The organizers of four of the great marches of LGBTQ pride in the United Kingdom have joined to suspend the participation of political parties in their annual events in support of the country’s transgender community.
“At a time when trans rights in the United Kingdom are under a growing attack, our resolution has never been stronger: we will not allow progress to get rid of,” said the statement issued Monday by Birmingham Pride, Brighton Pride, Manchester Pride and pride in London. “We will not remain, since the dignity, security and humanity of our trans are debated, delayed or denied.”
Political parties are often represented in Pride Marches in the United Kingdom, for example, the current prime minister, Keir Starmer, attended London’s pride in 2022 when he was the leader of the Labor Party. Former Prime Minister Boris Johnson, a member of the Conservative Party, also attended the Pride marches in 2010 and 2011.
The joint decision to prohibit the participation of the political party in these main pride events follow a decision last month by the UK Supreme Court to exclude transgender women from the legal definition of “woman” in the Equality Law, a 2010 law that legally prohibits discrimination based on certain protected characteristics.
The ruling arose from a legal dispute that began in 2018 when the Scottish Parliament approved a law that sought to increase the number of women in the public sector boards. The law, to the dismay of some women’s rights activists, included transgender women in their definition of women.
The court ruling last month, according to the four groups of pride, “underlines the urgent need for immediate actions.”
“At this time, we chose to stay firmer, stronger and more proud to demand changes that protect and raise trans lives,” the statement said.
In a shared statement about X, Democrats LGBT+ LIB, an arm of the Democratic Liberal Party, said they are “sick in our nucleus” by the general suspension of political parties.
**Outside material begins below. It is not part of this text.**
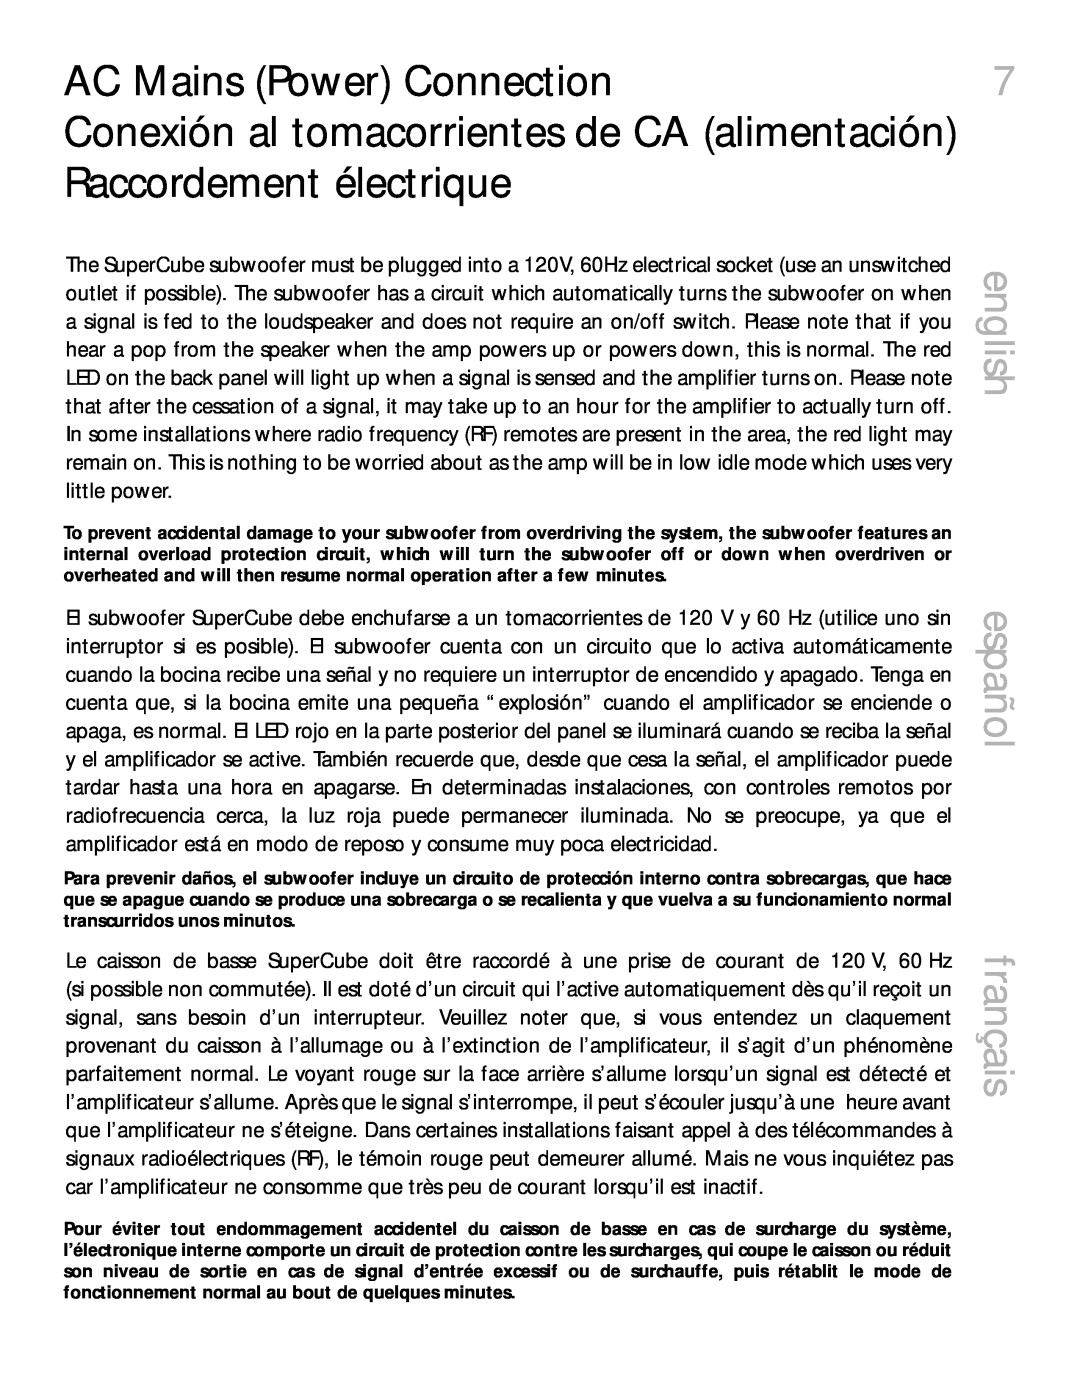 Definitive Technology 2000 owner manual AC Mains Power Connection, english, español, français

The group said that the liberal democrats “have been at the forefront of the campaign for LGBT+rights and have earned the right to be present in Pride Marches.
“We expect a constructive dialogue with the organizers of pride so that we can return more and better, while those parties that are pleased with fanaticism and hate can be left in the past, where they belong,” the statement continued.
Pride organizers added that the reversal of trans rights in the United Kingdom is part of a “disturbing global trend”, citing the prohibition of pride events in Hungary and the proliferation of anti-trans legislation in the United States.
So far this year, 575 state bills have been proposed Anti-LGBTQ in the United States, many of them pointing to transgender rights, according to an American union account of civil liberties. And at the federal level, the Trump administration has made trans problems a priority. In his first weeks in office, President Donald Trump signed a series of executive orders aimed at trans rights, including one that states that the United States government would recognize only two immutable sexes and another that prohibits trans people from the military service.